Schwere Propaganda-Gefechte in Afghanistan

Attentat auf Halbbruder von Präsident Karsai / Alle Kriegsparteien sehen sich auf dem Vormarsch

  • René Heilig
  • Lesedauer: 2 Min.
Er galt als einer der einflussreichsten Männer im Süden Afghanistans und war einer der Mächtigen im grenzüberschreitenden Drogengeschäft: Ahmad Wali Karsai, der jüngere Halbbruder des afghanischen Präsidenten, fiel gestern einem Mordanschlag zum Opfer. Doch der künftige CIA-Chef David Petraeus, der zu Wochenbeginn sein letztes Interview als ISAF-Befehlshaber gab, sieht die Aufständischen in die Defensive gedrängt.

Der Anschlag, für den die Taliban die Verantwortung übernahmen, ist vermutlich noch nachhaltiger als die Ermordung Polizeichefs im Nordbereich, General Daud Daud, Ende Mai. Karsai war der Chef des Provinzrats von Kandahar und soll in den Heroinhandel verwickelt gewesen sein. Vor zwei Jahren hatte eine britische Spezialeinheit mehrere Tonnen Rohopium auf dem Gelände eines von Polizisten bewachten Gehöfts gefunden, das dem Halbbruder des Präsidenten gehörte.

Darüber hinaus war der jüngere Karsai als Mann der CIA ins Zwielicht geraten. Unter anderem soll er geholfen haben, eine paramilitärische Einheit aufzustellen, die direkt dem Kommando des US-Dienstes unterstand. Ahmad Wali Karsai selbst hatte Verbindungen zur CIA sowie Verstrickungen in den Drogenhandel stets abgestritten.

In Afghanistan entwickelt sich – wie von Experten warnend vorausgesagt – Invasionsendzeitstimmung. Alle Akteure bemühen sich um politische Geländegewinne. Plötzlich kümmert sich ISAF sogar um die Eindämmung von Drogenprofiten – auf der Gegenseite.

Zu Wochenbeginn vermeldete die NATO-Schutztruppe einen Schlag gegen die Drogenmafia in Kajran, Provinz Daykundi. Afghanische Sicherheitskräfte hätten gemeinsam mit ISAF-Truppen 942 Kilogramm Opium, zwei Kilogramm Heroin, 50 Kilogramm Marihuana-Samen und 20 Kilogramm Marihuana-Schnitt beschlagnahmt. Bei Kandahar fand man 100 Kilogramm Marihuana und 50 Kilogramm Haschisch.

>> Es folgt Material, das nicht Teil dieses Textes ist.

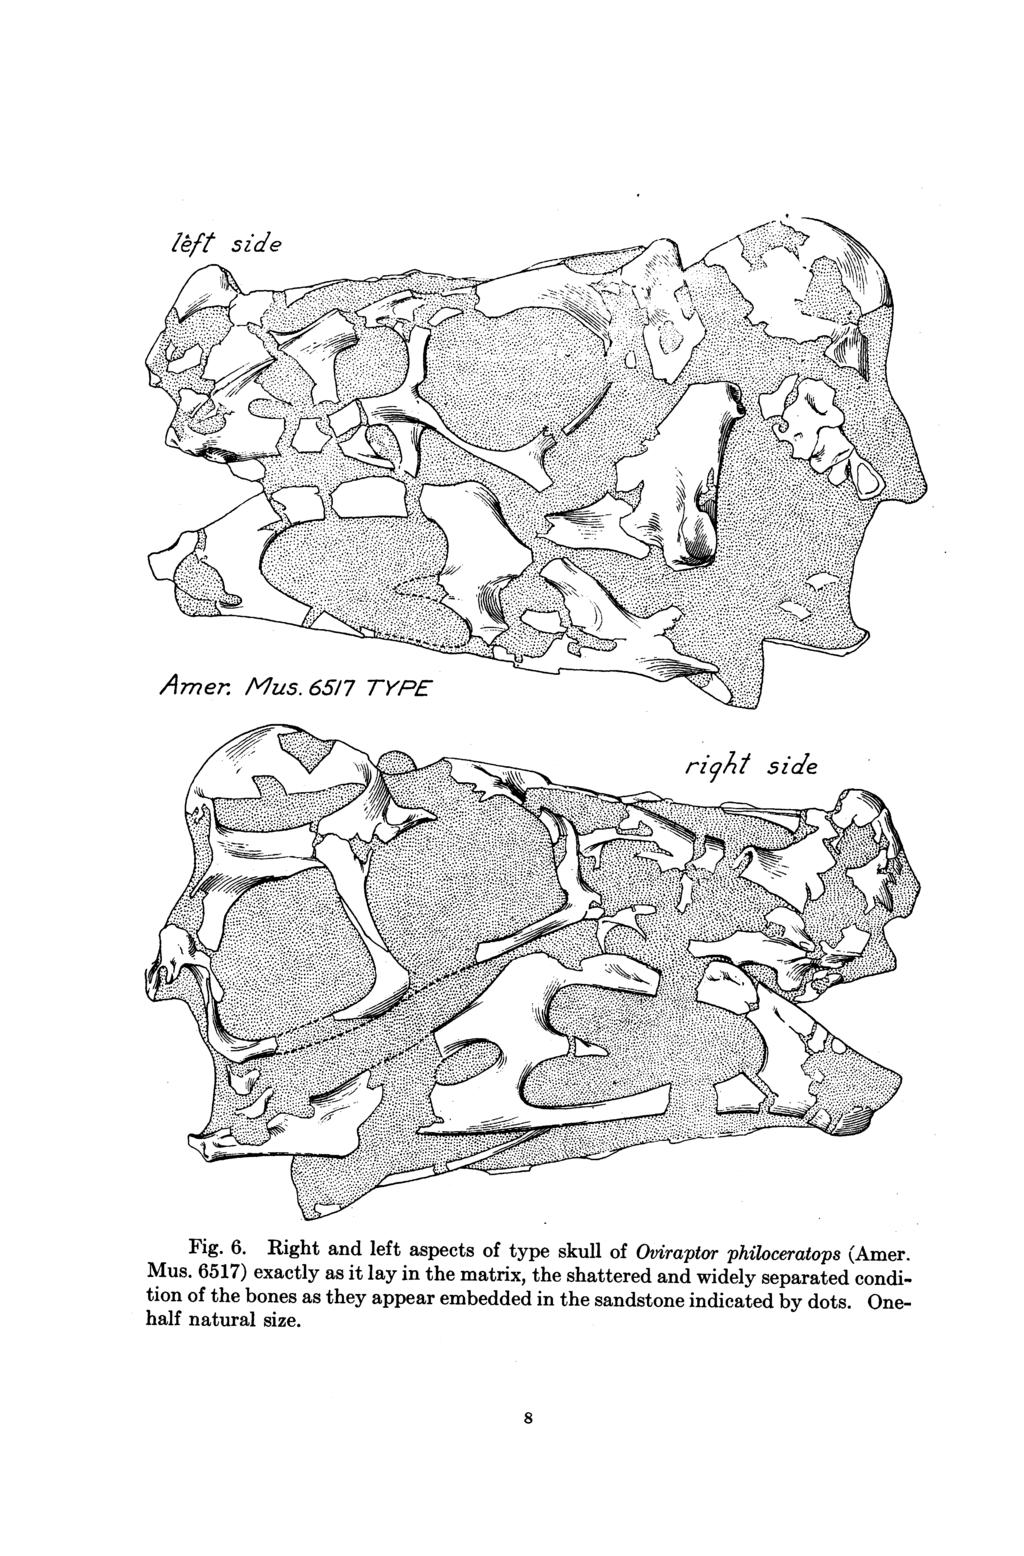 Fig. 6. Right and left aspects of type skull of Oviraptor philoceratops (Amer. Mus.

Vor allem propagandistische Offensiven laufen. US-General Petraeus sagt, die Angriffe von Aufständischen auf NATO-Truppen und afghanische Sicherheitskräfte seien schwächer geworden. Die Zahl der Angriffe im Mai und Juni – verglichen mit dem Vorjahreszeitraum – sei »um ein paar Prozentpunkte« gesunken.

Umgehend meldeten sich die auch politisch offensichtlich immer besser organisierten Taliban zu Wort. Petraeus Aussagen seien »grundlose Prahlerei und Angeberei«. Seinerseits prahlte Zabihullah Mujahid, Sprecher des Islamischen Emirats Afghanistans, es habe im Mai und Juni 3127 Angriffe gegeben. 2272 Panzer, Pick-ups und Nachschubfahrzeuge seien beschädigt, Über 20 Hubschrauber und Flugzeuge sowie elf Drohnen abgeschossen worden. Hunderte US- und andere Soldaten der Invasionstruppen hätten ihr Leben lassen müssen. Er listete 43 sogenannte Märtyrerangriffe auf.

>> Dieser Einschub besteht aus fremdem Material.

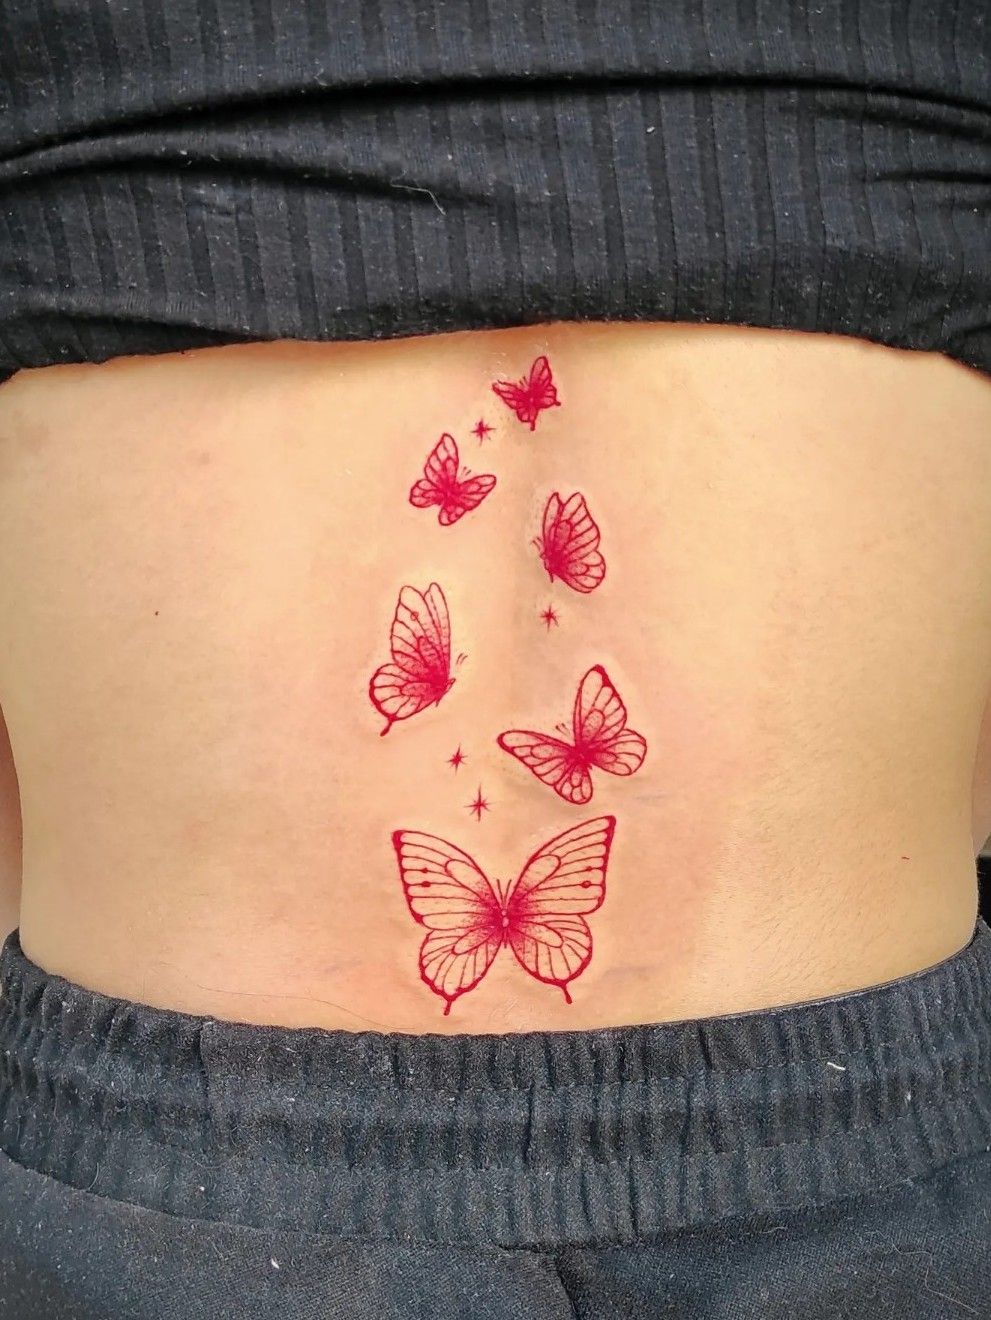 TAFLY Temporary Tattoo 3D Butterfly Red Peony Body Art Fake Stickers 5  Sheets  Amazonin Beauty

Auch die Bundeswehr macht die Erfahrung, dass man eigener Propaganda nicht trauen soll. Ursprünglich hieß es, dass die meisten Aufständischen aus dem nördlichen Distrikt Char Darrah vertrieben seien und der Rest nur noch fähig, hinterlistig Sprengfallen zu installieren. Am Montag jedoch waren deutsche ISAF-Kräfte in dem Gebiet 13 Kilometer westlich des Feldlagers Kundus wieder mit Handwaffen und Mörsern beschossen worden.

Die Lage sei »noch nicht so, wie wir uns das wünschen würden«, erklärte der deutsche Verteidigungsminister Thomas de Maizière (CDU) gestern bei einem Truppenbesuch und korrigierte damit Angaben seines neuen US-Kollegen Leon Panetta. Dessen Aussage habe sich nur auf Al Qaida bezogen.